“We really are just starting to see the effects and have no idea how long this is going to last,” Duane Ritter, an agent with RE/MAX, told CREW. “We are just starting to see the ramifications of the oil change and layoffs, I believe in next couple months will be a better indicator of where we are and how long we (will be in this situation).”
Alberta home sales fell 21.3% year-over-year, according to CREA’s most recently released statistics. Of the 10 major markets tracked by the association, nine posted sales declines; all except Lethbridge, which posted a 4.5% increase.
And while price declines weren’t as drastic, many are already forecasting further drops in 2016.

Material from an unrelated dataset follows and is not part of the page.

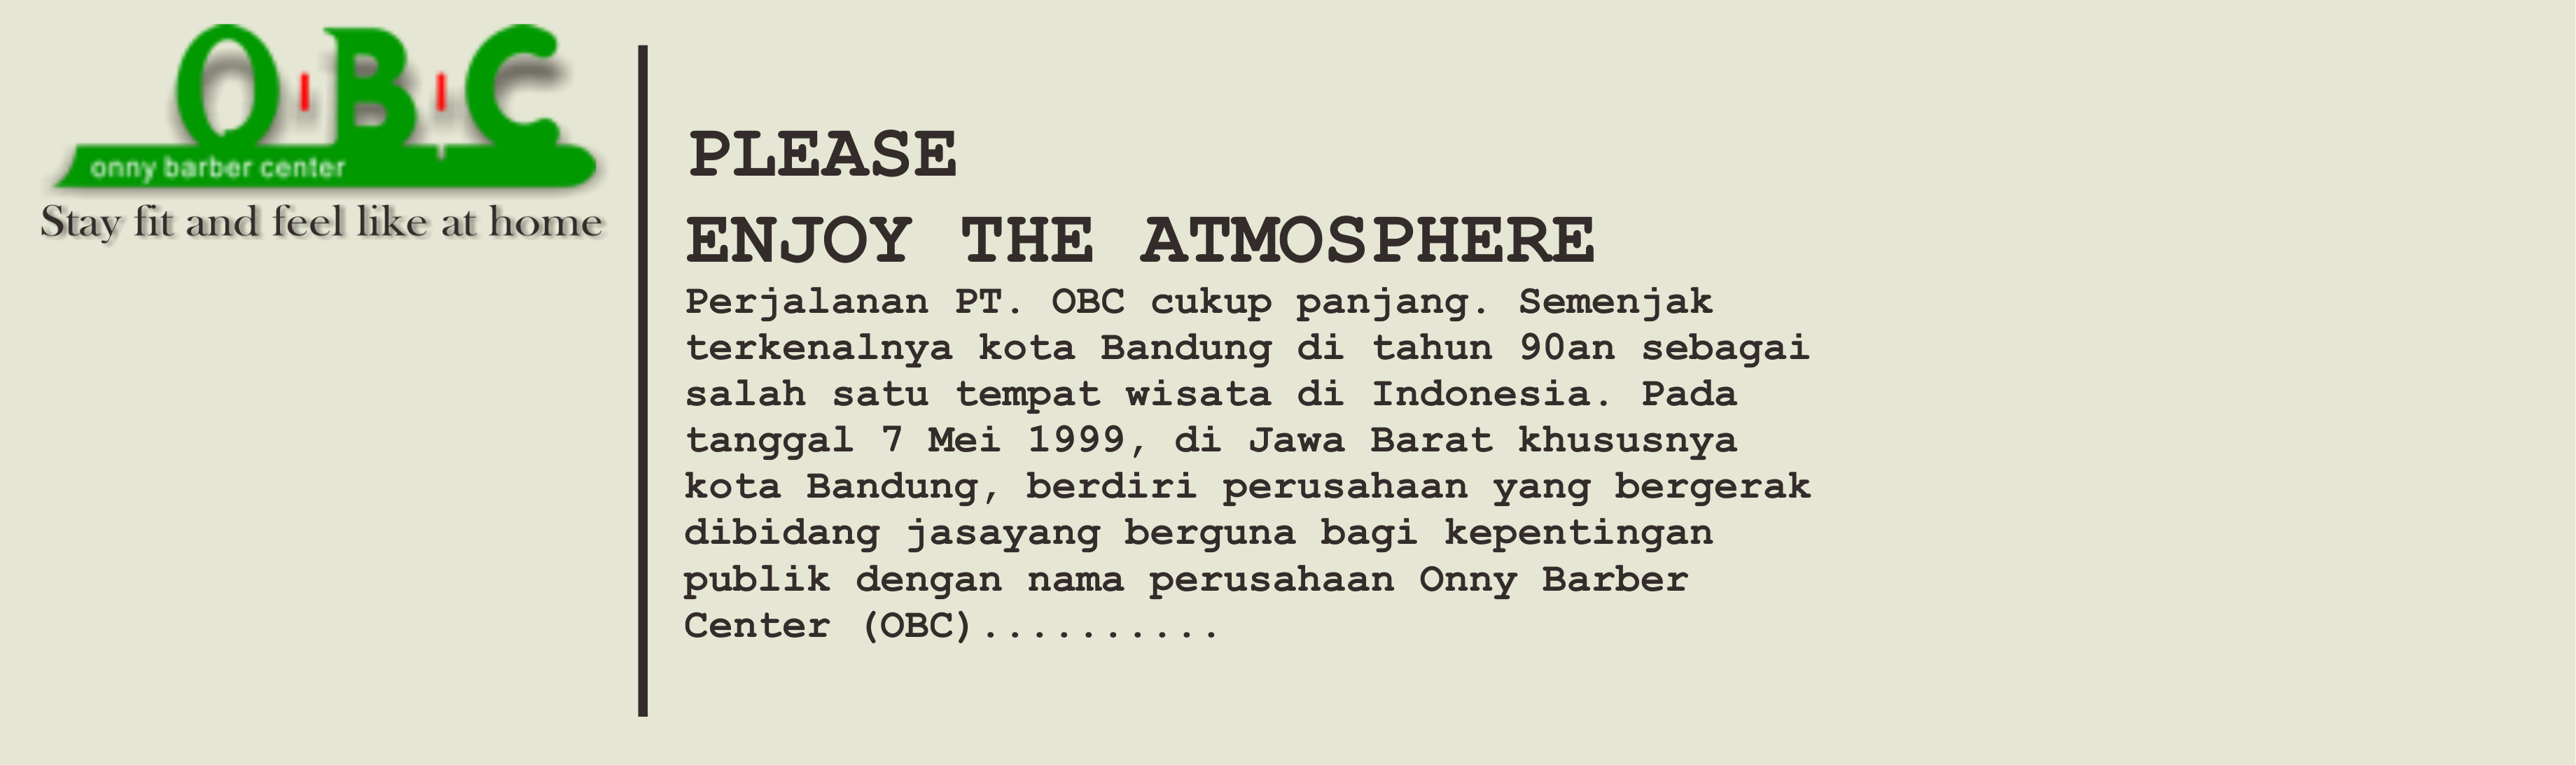 Please Enjoy The Atmosphere
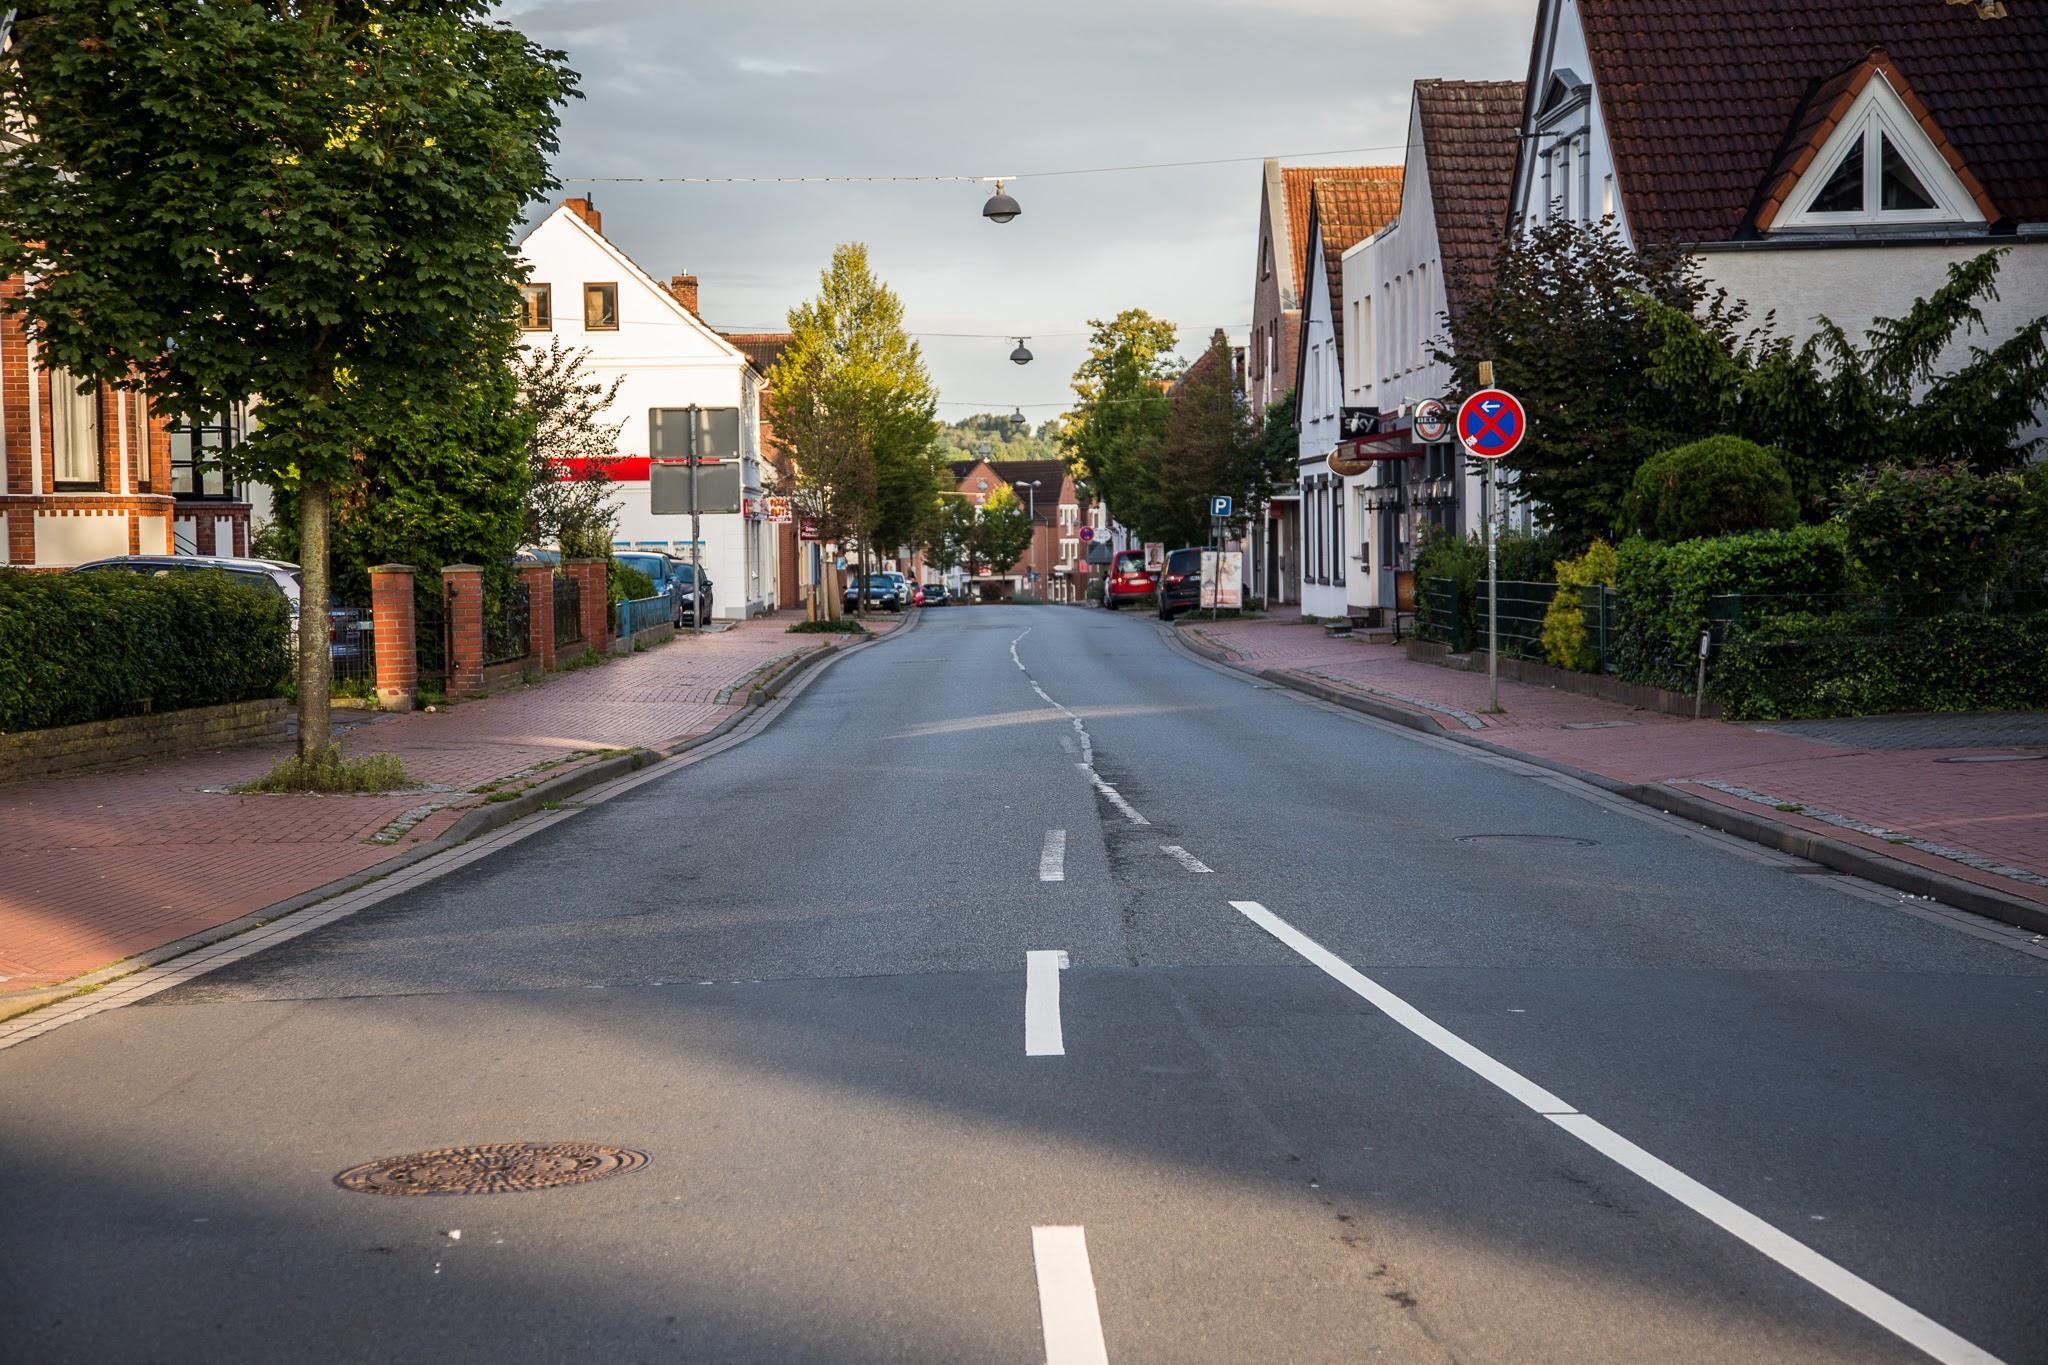 Bahnhofstraße in Osterholz-Scharmbeck

Overall, average home prices fell 1.9% year-to-date in December; those declines were led by Fort McMurray, which posted a 6.2% average price decline.
Dollar volume was also down.
Overall, volume was down 22.8%. Again, that drop was led by Fort Mac, which posted a 47% volume decrease.
As for how 2016 will fare, it’s anybody’s guess at this point.
According to CREB, Alberta’s economy will remain weak in 2016 with oil prices expected to remain below $45 U.S. per barrel.
It also forecasts housing demand will be weak; sales activity is expected to fall by 2.2% below 2015 levels to 18,416 units.
The average price is expected to decline by 3.44% to $438,652.
“It's going to be interesting and not pretty,” Ritter said.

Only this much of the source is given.